La musique est assourdissante. Tout se brouille. Le
plancher se dérobe sous elle. Sa vision titube. Tout se fonde dans un écran
noir. Ses forces sont décuplées. Elle s’arrache à ses agresseurs. Camille se
jette à la gorge de son frère. Cet Horace, ce monstre abject qui l’a privée à
tout jamais de son amour. Au nom de qui ? De Rome ! Assez ! Assez ! Assez !

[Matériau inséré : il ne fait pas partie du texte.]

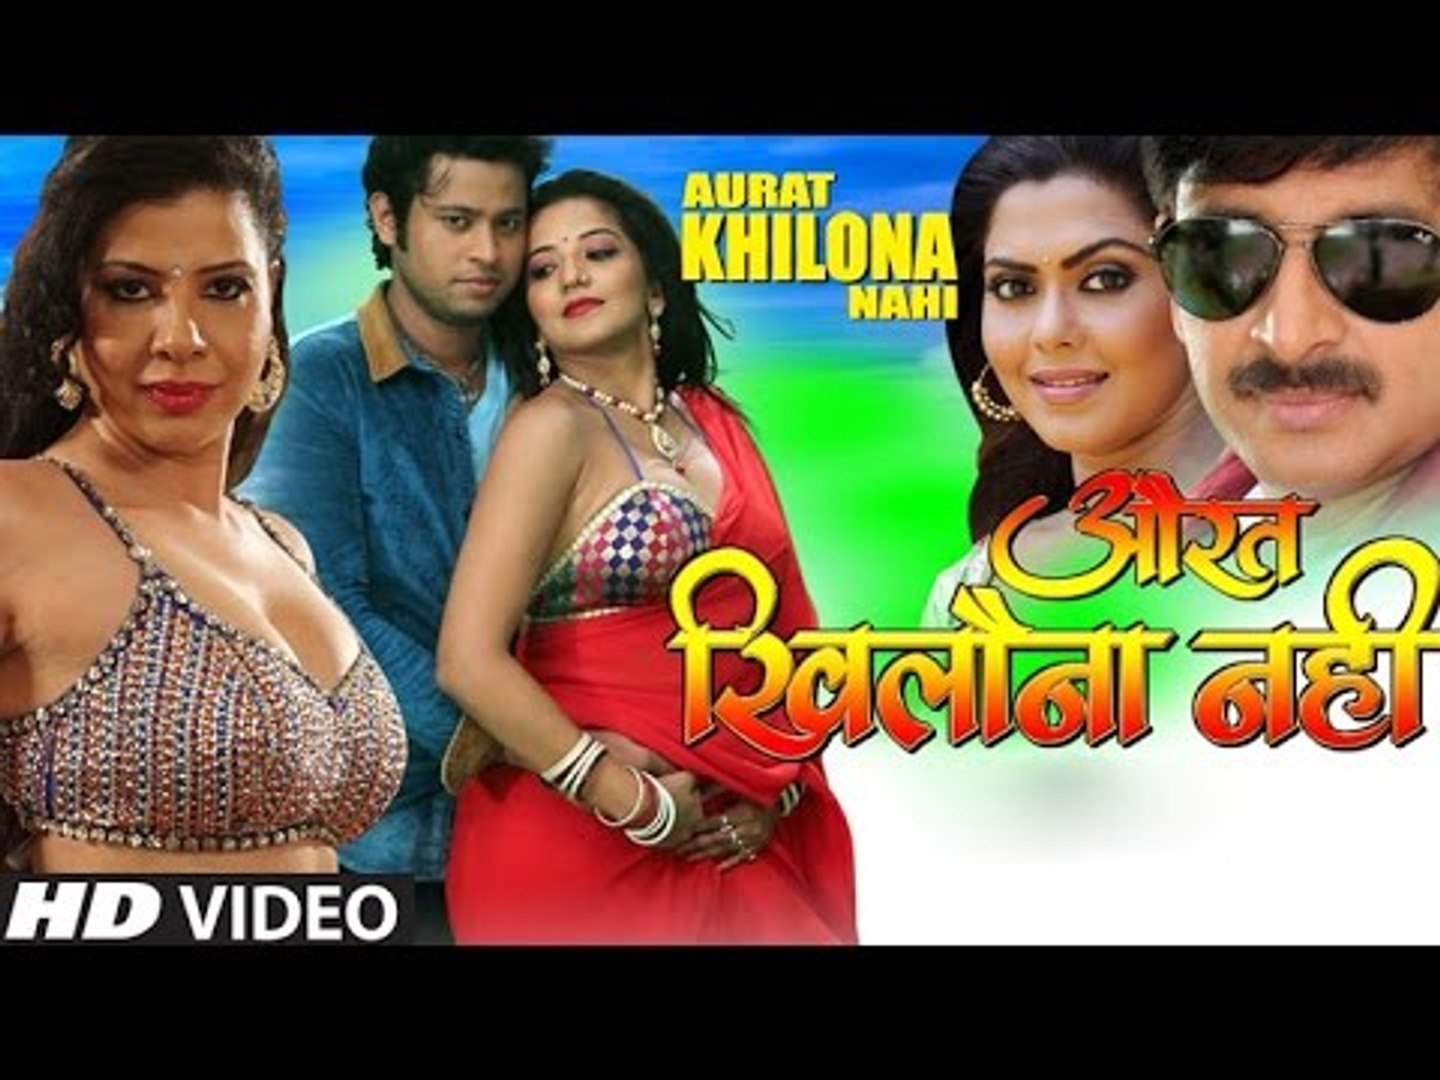 Aurat khilona nahi bhojpuri movie download
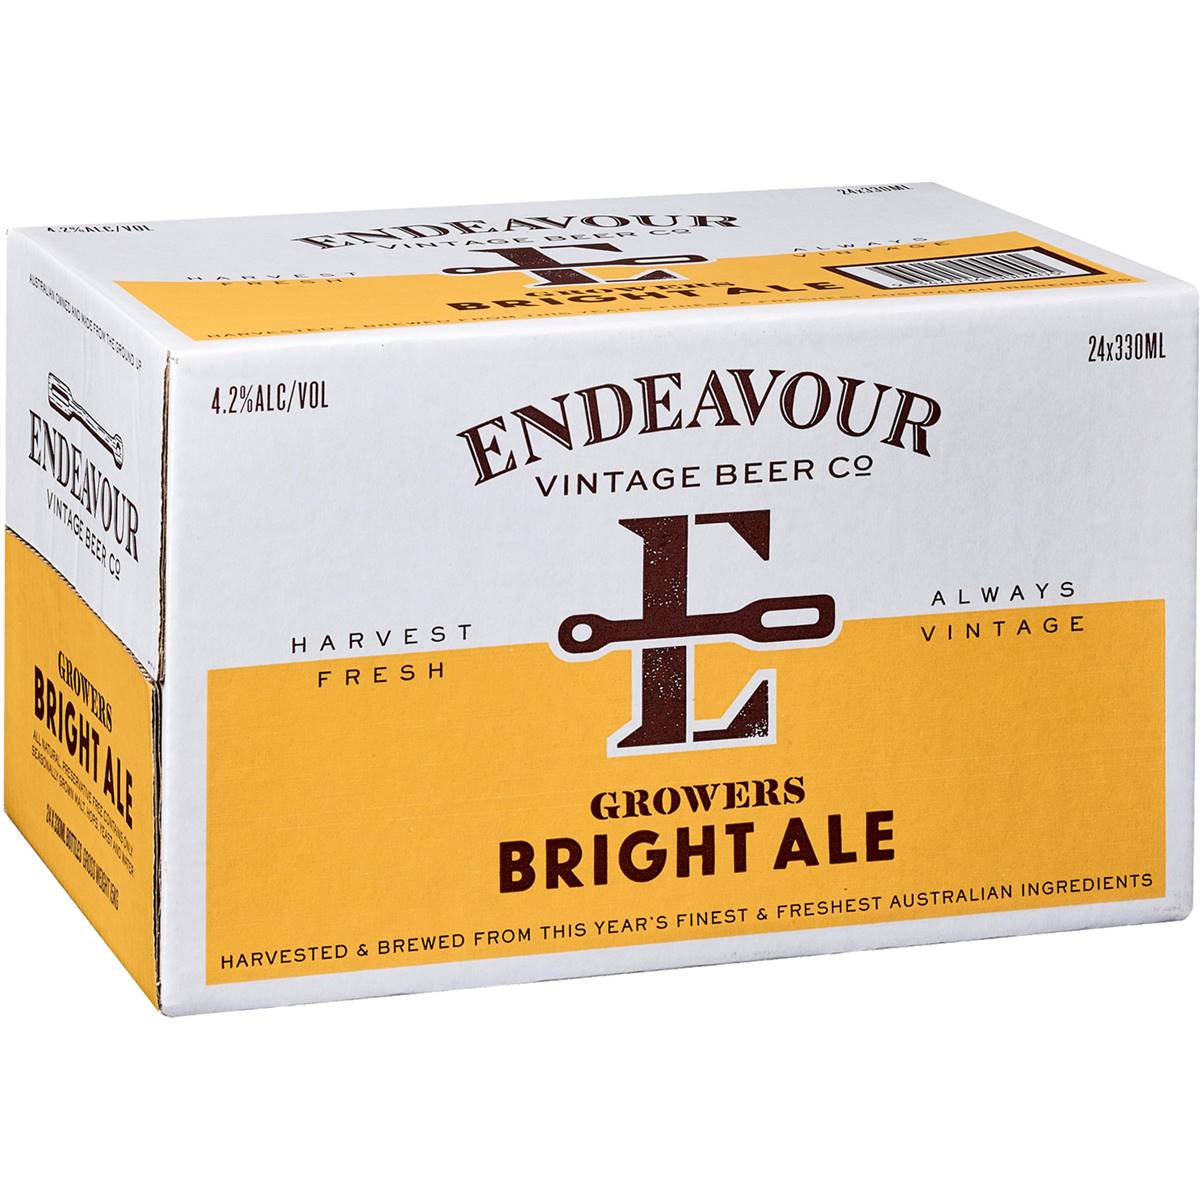 Endeavour Vintage Beer Co. Growers Bright Ale Bottles

- « Rome, l’unique objet de mon
ressentiment ! Rome, à qui vient ton bras d’immoler mon amant ! Rome
qui t’a vu naître, et que ton cœur adore ! Rome enfin que je hais parce
qu’elle t’honore ! Puissent tous ses voisins ensemble conjurés saper ses
fondements encor mal assurés ! Et si ce n’est assez de toute l’Italie, que
l’orient contre elle à l’occident s’allie ; que cent peuples unis des
bouts de l’univers passent pour la détruire et les monts et les mers !
Qu’elle-même sur soi renverse ses murailles, et de ses propres mains déchire
ses entrailles ! Que le courroux du ciel allumé par mes vœux fasse
pleuvoir sur elle un déluge de feux ! Puissé-je de mes yeux y voir tomber
ce foudre, voir ses maisons en cendre, et tes lauriers en poudre, voir le
dernier Romain à son dernier soupir, moi seule en être cause, et mourir de
plaisir ! »
L’abîme. Tout sombre dans le noir. Emma
s’effondre. Elle git au sol, inconsciente, sous les regards admiratifs, les
corps inertes de la petite assistance. Ils venaient d’assister à la vérité
des foudres humaines. Nathan se dégage. Des marques rouge vif ornent son cou.